Китаевичи не вняли моим воплям и вскоре прислали набор с огромным количеством исправлений. Сводились они, в основном, к уничтожению своеобразной губермановской интонации. Его длинные, чуть захлёбывающиеся фразы, с часто применяемой инверсией, были разбиты точками, причёсаны, обесцвечены. В сопроводительном письме Китаевич объяснял: «Да, я отдаю себе отчёт в том, что мой лучший друг, Игорь Губерман, предпочёл бы увидеть свою книгу напечатанной точно в таком виде, как он написал её. Но в то же время я не могу допустить, чтобы книга моего лучшего друга вышла в таком виде, как он написал её».
Что было делать? Подчиниться этому «тиранству во имя дружбы» мы не могли. Достаточно для меня было истории с книгой Кублановского. Проект издания завис. Напористый Китаевич тем временем слал грозные письма и объяснял всем и каждому, что Ефимовы по лени тормозят выход книги преследуемого в СССР поэта. Продолжалось это чуть ли не полгода.
Спасли опять же ветры перестройки. В 1987 году непредсказуемые советские власти непредсказуемо выпустили Губермана на Запад. Мы вздохнули с облегчением и немедленно послали ему в Израиль наш набор и правку Китаевичей. Он тактично принял полдюжины исправлений, предложенных его друзьями, и книга ушла в типографию. Продавалась она хорошо, известность Губермана быстро росла. Но с добрым тираном Китаевичем общаться мы с тех пор избегали.
NB: У всех забытых нами редакторов Бабеля и Платонова, Зощенко и Олеши наверняка в глубине души было вздыхающее и снисходительно-надменное чувство, что, мол, «да, они талантливы, очень талантливы, но насколько выиграли бы их произведения, если бы они вовремя поняли и учли наши замечания и поправки».
Почему-то Соломон Волков предпочёл обратиться к нам не прямо — хотя мы были уже знакомы, — но через Довлатова. Тот писал мне в мае 1986 года: «Соломон Волков просил меня узнать, интересует ли Вас такая книжка. Пятьдесят (а может тридцать) фотографий видных советских деятелей со всякими, отчасти анекдотическими, отчасти фотографическими, байками про них. Снимки — Марианны Волковой, подписи — мои + других мемуаристов (со ссылками), несколько анекдотов из Наймана, Бродского, Рейна. Может быть, такую книжку удастся как-то повернуть в сторону университетов: срез советского общества, культура, фото-характеры, публицистика в анекдотах и т.д. Что Вы об этом думаете?»
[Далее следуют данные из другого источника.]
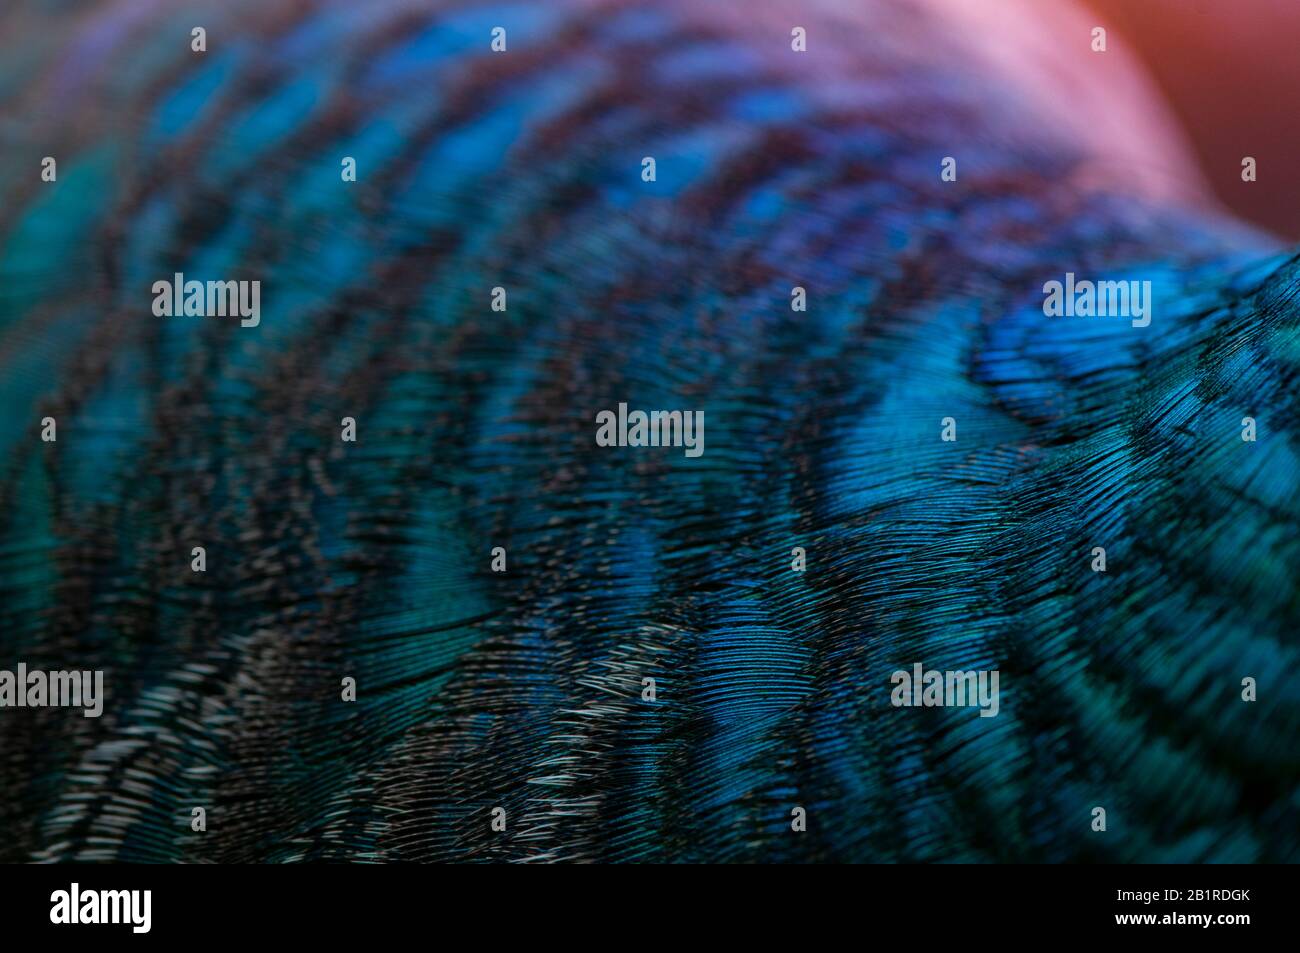 Primo piano delle piume di pavone.Macro piuma blu, piuma, uccello, animale. Fotografia macro. Foto Stock

Я сразу откликнулся согласием. «Любая книжка, задуманная и составленная Волковыми и Довлатовым, меня интересует, и я готов обсуждать её на любой стадии готовности и в любой форме. Пусть Волковы позвонят и приезжают, или мы можем договориться о встрече в городе».
Параллельно начались переговоры об издании сборника интервью, которые Волков брал у Бродского в течение нескольких лет. Я был знаком с ними по газетным публикациям и был бы рад включить такую книгу в наш каталог. Поздравляя Бродского с Нобелевской премией в октябре 1987 года, я писал:
«Дорогой Иосиф! Хотя мы вручили тебе эту премию мысленно уже двадцать лет назад, нас очень обрадовало, что Нобелевский комитет, наконец, присоединился к нашему мнению. Поздравляем, поздравляем! Выпиваем, выпиваем за здоровье.
Нам бы очень хотелось ускорить выпуск книги Соломона Волкова “О четырёх поэтах”. И было бы легче, если бы ты каким-нибудь значком или закорючкой подтвердил, что не возражаешь. Напиши прямо на этом письме, вложи в прилагаемый конверт и отправь нам — того и довольно».
На это письмо Бродский ответил открыткой, датированной 1 ноября 1987-го, в которой благодарил за поздравления и давал согласие на выпуск книги своих бесед с Волковым. Но с оговоркой: «Насчёт волковских интервьюшек: надо бы их просмотреть прежде, чем печатать. Там масса чисто стилистической лажи».
Я сообщил Волкову, что разрешение получено, но с условием, что Бродский прочитает гранки перед выходом книги. Видимо, это условие Волкова не устраивало, и он стал тянуть, не приводя никаких убедительных причин для отсрочки.
Такая же волокита происходила с фотоальбомом Марианны Волковой. Не все довлатовские байки, включённые туда, были безобидными. Поэтому в проект договора я включил стандартную американскую формулу: «Авторы принимают на себя ответственность, в случае если против данного издания будет возбуждён судебный иск за клевету или вторжение в частную жизнь». Марианна Волкова тянула, выдвигала новые условия, но договор не подписывала. Пришлось махнуть рукой на этот проект и выбросить книгу из каталога, в котором она уже рекламировалась. В декабре 1987 года я писал Волковым:
«Дорогие авторы! Кратко сформулировать происшедшее можно следующим образом: мы струсили. То есть и мы, и вы. Отказавшись подписать вторую страницу договора, вы тем самым признали, что опасность иска со стороны ваших персонажей — реальна, что она не плод нашей паранойи... Теперь нужно разработать такой план, который бы сделал наше расставание безболезненным — насколько это возможно. Я от души желаю вам найти смелого издателя для этой книги и думаю, что вы его найдёте. Мы готовы предоставить этому издателю сделанный нами макет книги и перевод довлатовских текстов за весьма скромное вознаграждение. Наш вклад в эту книгу — трудом и деньгами — можно оценить примерно в тысячу долларов. Но я готов удовлетвориться даже частичной компенсацией».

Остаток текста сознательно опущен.